Originally produced Off-Broadway in 1998, Diana Son’s play “Stop Kiss” tackled important LGBTQ themes that were as relevant in the late 1990s as they are today. Now, from Feb. 19-21, a completely student-run production of the play will be performed in Studio Theater.
“At its core, ‘Stop Kiss’ is a love story. Sara and Callie [the play’s central characters] have to jump through the same hoops that anyone falling in love has to … it just gets a little more complicated by the fact that they’re women [who] had previously identified as straight,” said senior Kathleen Gullion, the director of “Stop Kiss.”
“‘Stop Kiss’ to me is about the way that women fall in love with each other; the way that women experience sexuality [and] the weight of the word ‘lesbian.’”
The play examines the budding romance between Sara (played by freshman Abbey Kruse) and Callie (played by senior Sam Auch). Late on a fateful night, a romantic kiss the two women share in New York City’s West Village leads to dissension and antagonism in their community.
“I just love the story. I think that Callie and Sara are three-dimensional, relatable, real women, real female characters, and so often in plays, you don’t really get really fleshed-out, really three-dimensional female characters in plays,” explained Gullion. “That was one of the things that drew me to [the play] for sure.”
“Stop Kiss” is Gullion’s Honors project. When asked about her directorial choice, she expressed the personal impact the play had on her.
“I remember reading this play as part of a class that I took a year ago,” said Gullion. “It was a class on gay theater, and I remember thinking that I related to this play more than I had ever related to a play ever.”
Even while studying the play in a classroom setting, she applauded Son’s depictions of female sexuality and its complexities. “Part of the reason that it hit so close to home to me was that it shows that female sexuality is fluid.

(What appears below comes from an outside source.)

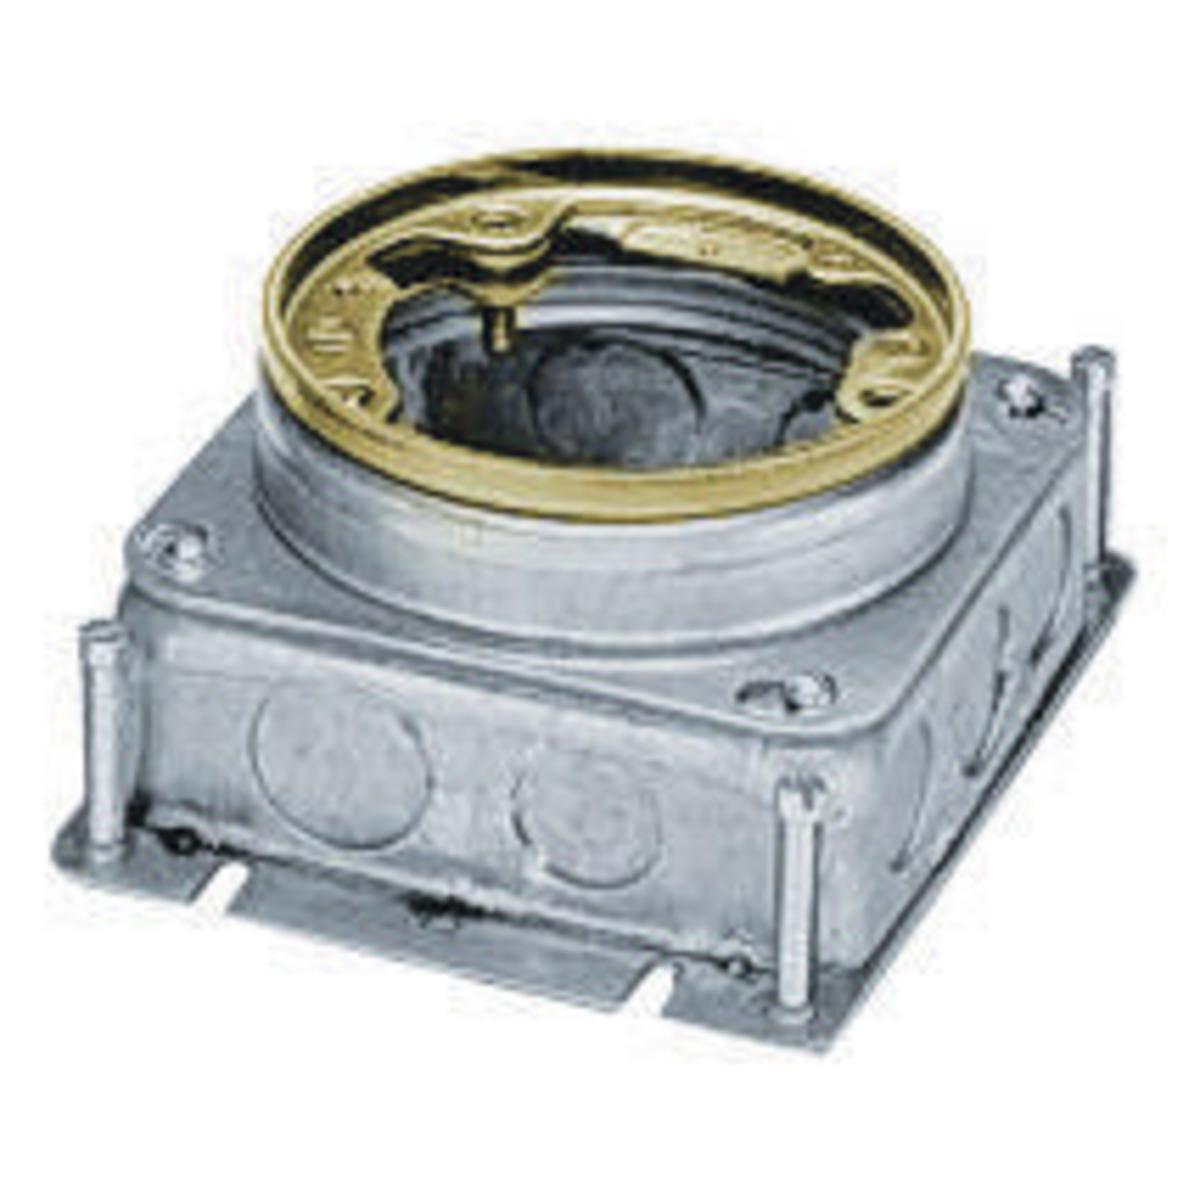 Hubbell B2529 37.3 In? Brass Stamped Steel Round Floor Box

It isn’t necessarily this static thing … [female sexual fluidity] is not something you really see in theater.”
Gullion feels that the conscientiousness and tenderness with which Son develops her characters is central to the play’s honesty. “I really liked that even though it’s about two women falling in love with each other, [the play] is less about themselves. … It’s not about their identity or about [labels], it’s just about each other. … it’s just a simple love story.”
Although Gullion has directorial experience, directing “Stop Kiss” presented its own series of challenges she inevitably had to face.
“I never really directed a realistic show before. I’ve done other projects at Knox that have been kind of weird … postmodern [shows], really not realistic [shows]. That’s more of what I’m used to, so I knew that directing this play would be a challenge. I knew that this text was so relatable. I really wanted to make the performance as real as possible.”